= Maraval (chestnut) =

Hybrid chestnut

Maraval is a named natural chestnut hybrid (synonym CA 74), a cross between a European chestnut (Castanea sativa) and a Japanese chestnut (Castanea crenata). INRA bred this variety in 1986 in France Lalevade-d'Ardèche. Maraval produces a big mahogany colored nut from triangular to elliptical triangular shape. The nut keeps well. Nut peeling is mediocre but good in boiling water. Nuts can be used fresh as well as for processing.

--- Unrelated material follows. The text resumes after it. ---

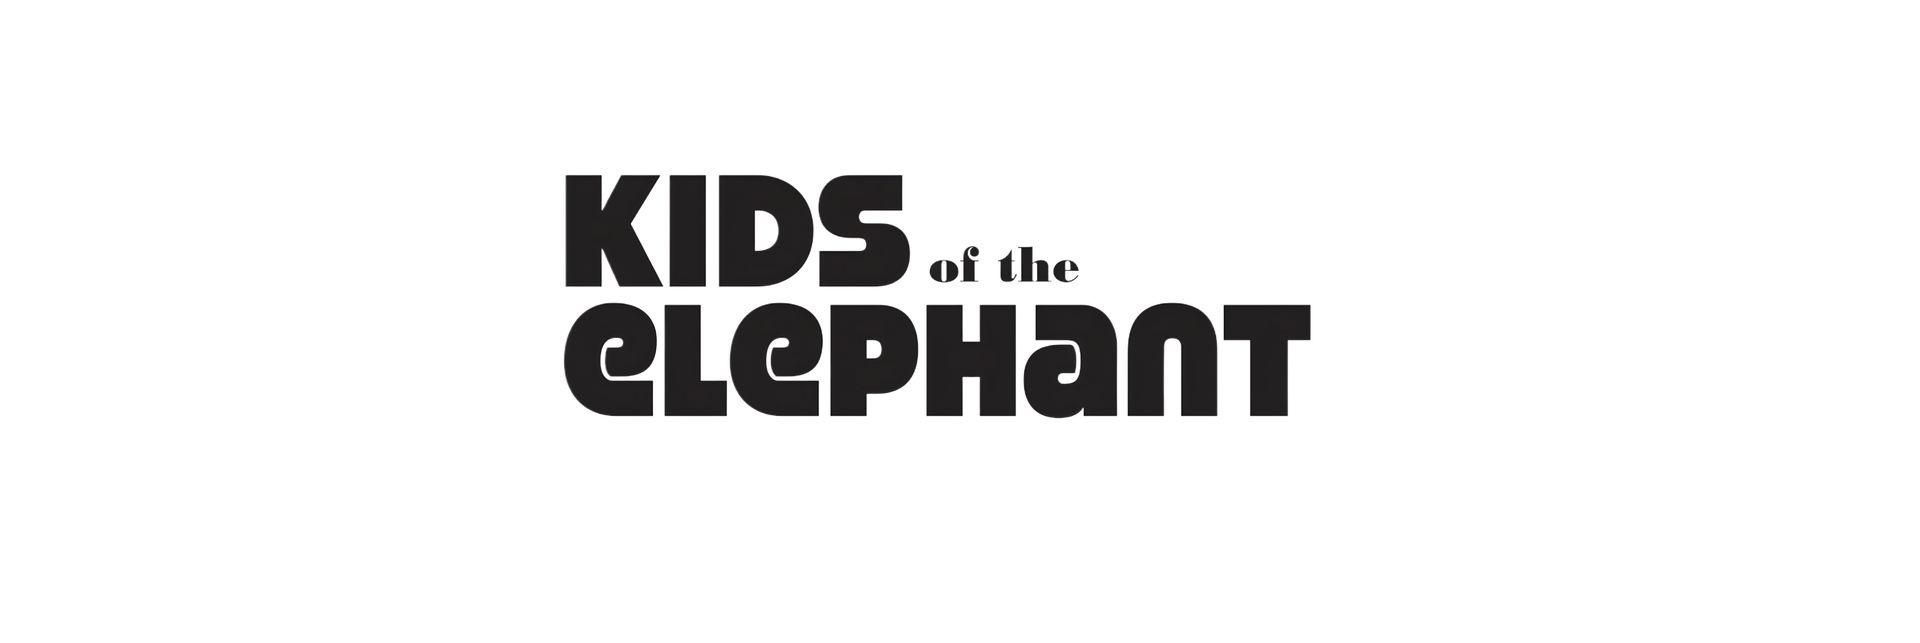 Kids of the Elephant

Maraval are not very demanding to the quality of the soil and produce nuts in 4 to 5 years. Maraval grow at 250-300 m of altitude in the warm regions of France such as Gironde, Dordogne, Pyrenees-Atlantiques, Midi-Pyrenees. The tree is considered partially pollinating since its pollen is not very fertile.

Its early budding makes it sensitive to spring frosts. It is resistant to leaf rust and ink disease.
The tree is a mid-season hybrid variety, upright with moderate vigor and medium stature. The medium stature allows denser orchards than other hybrids such as Marigoule.

Maraval is mainly used as root stock because of its good graft compatibility with many chestnut varieties. As a rootstock, it is graft compatible with the varieties: Bouche de Betizac, Bournette, Precoce Migoule, and Maridonne. Maraval root stock is graft incompatible with Marigoule and Primato.